▶ DATA LISTING
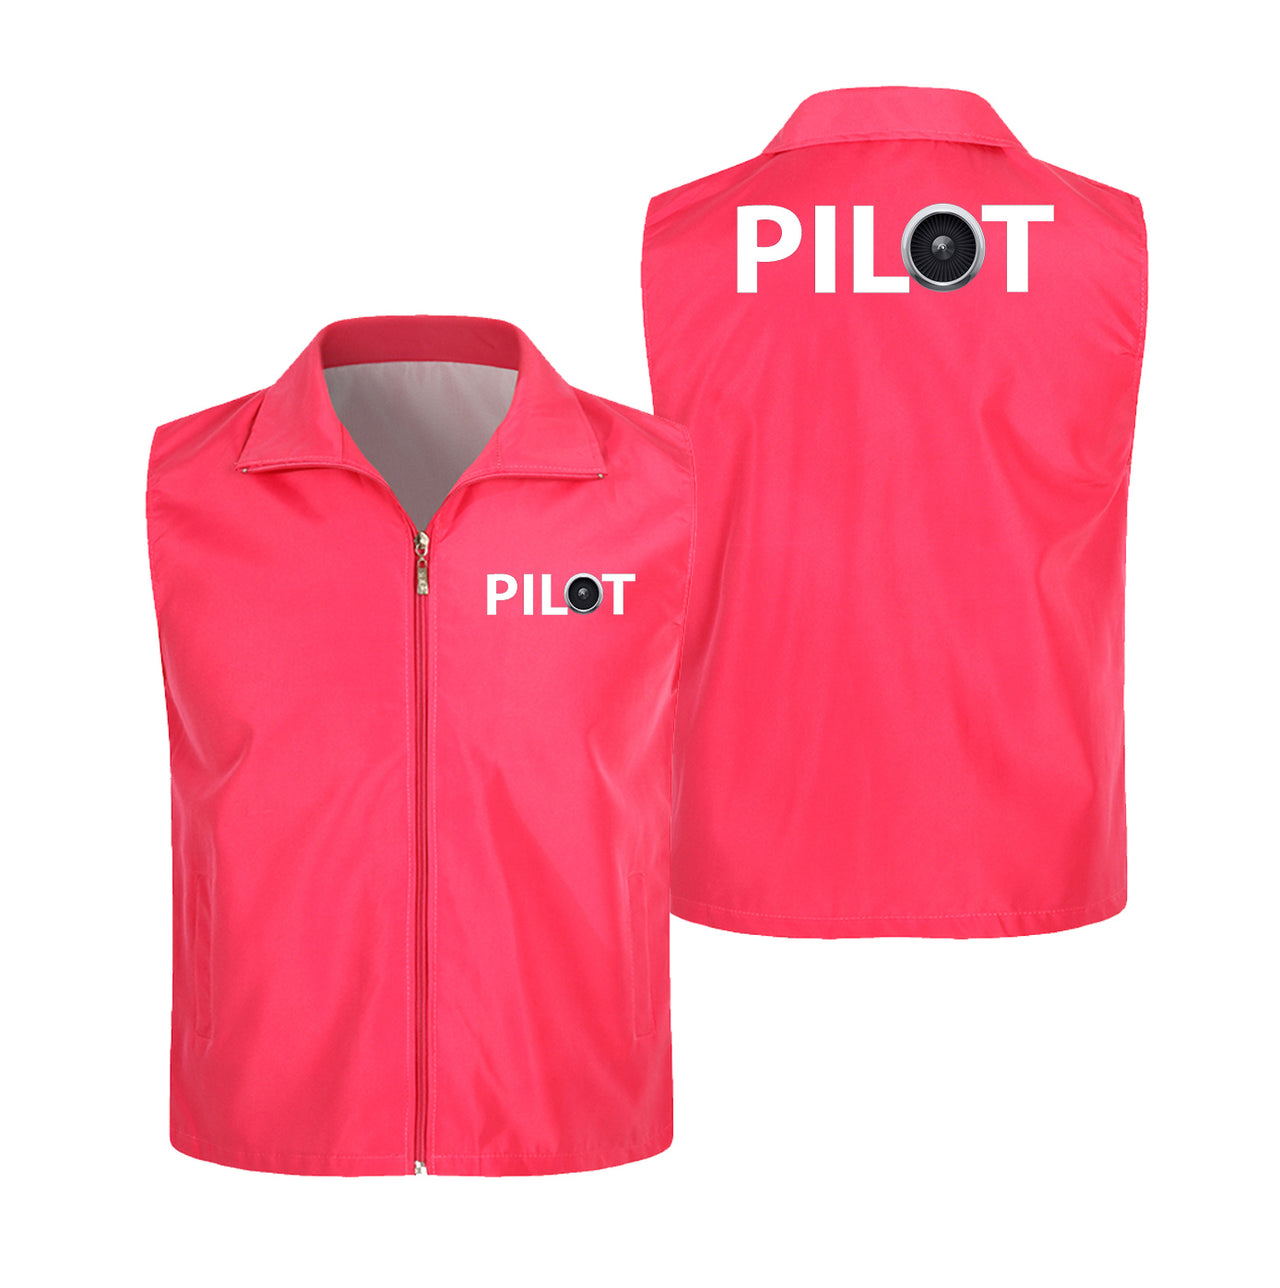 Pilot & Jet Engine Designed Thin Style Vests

* * *

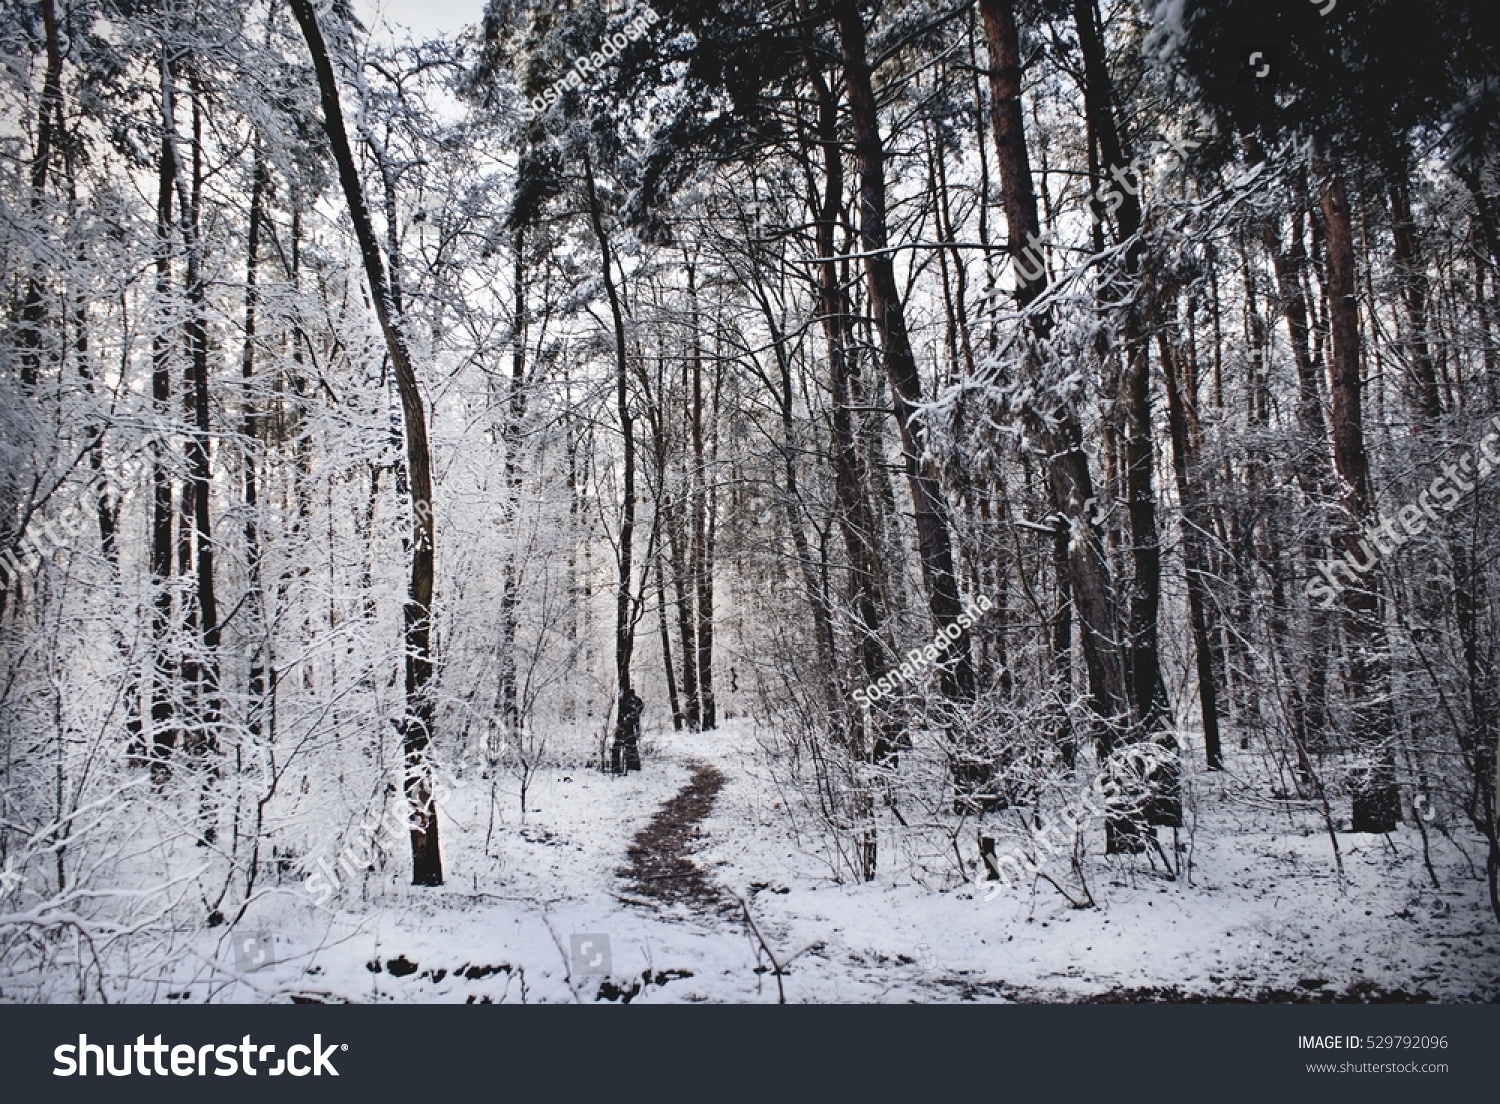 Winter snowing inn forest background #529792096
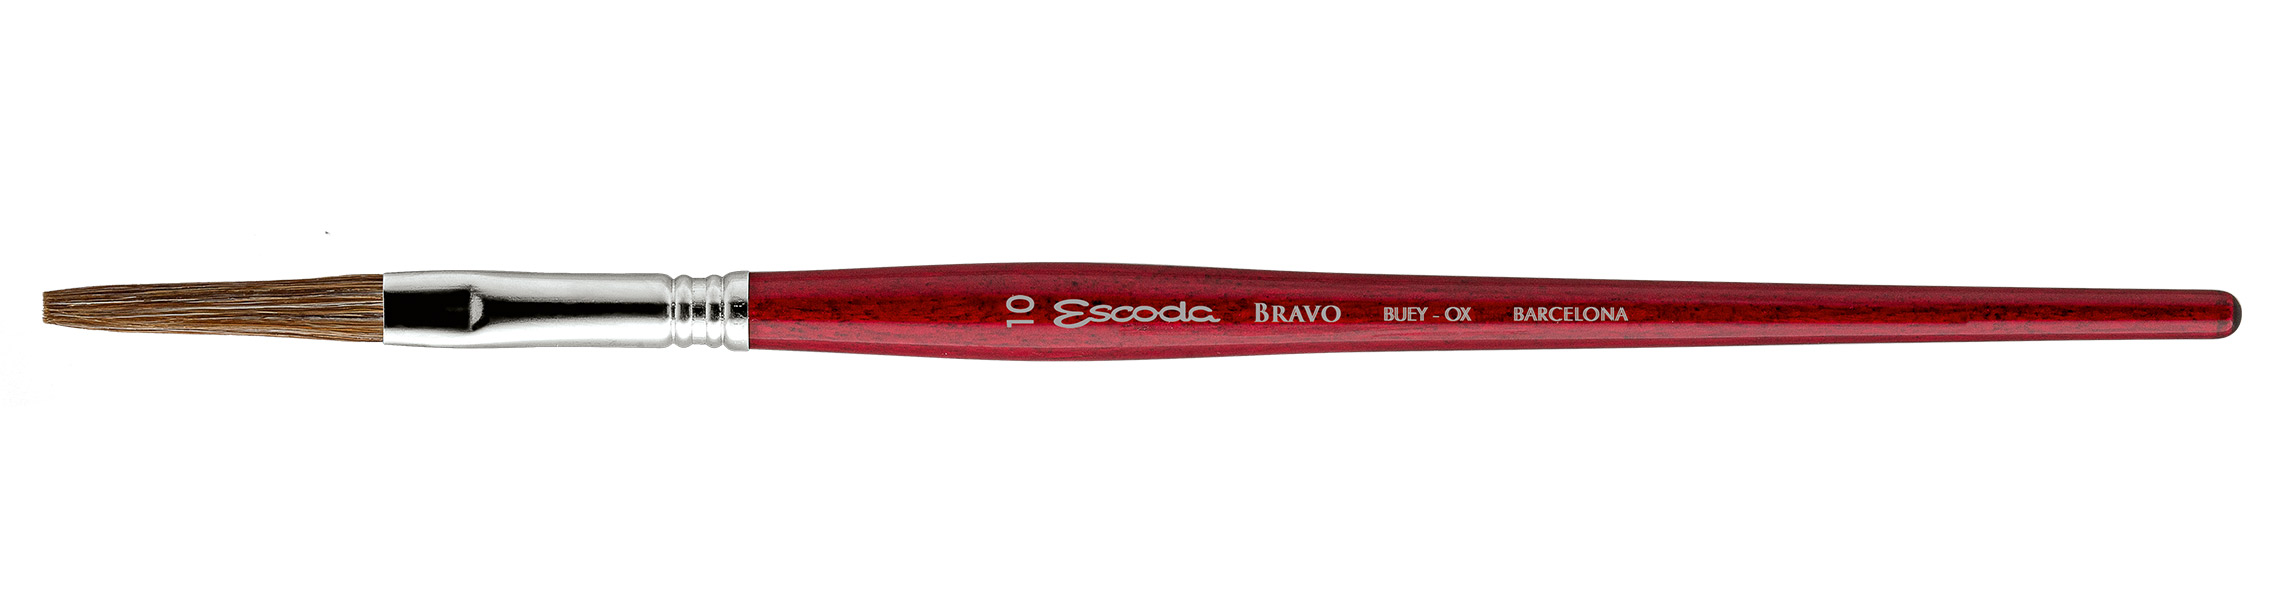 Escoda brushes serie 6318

▶ WORK INSTRUCTIONS
Of all the material above, only the lines from the one that has "Winter snowing inn" down to the one that has "Escoda brushes serie 6318" are to be written out, exactly and with both ends included. Pictures are skipped.

▶ ANSWER FOR THE TASK
 Winter snowing inn forest background #529792096
 Escoda brushes serie 6318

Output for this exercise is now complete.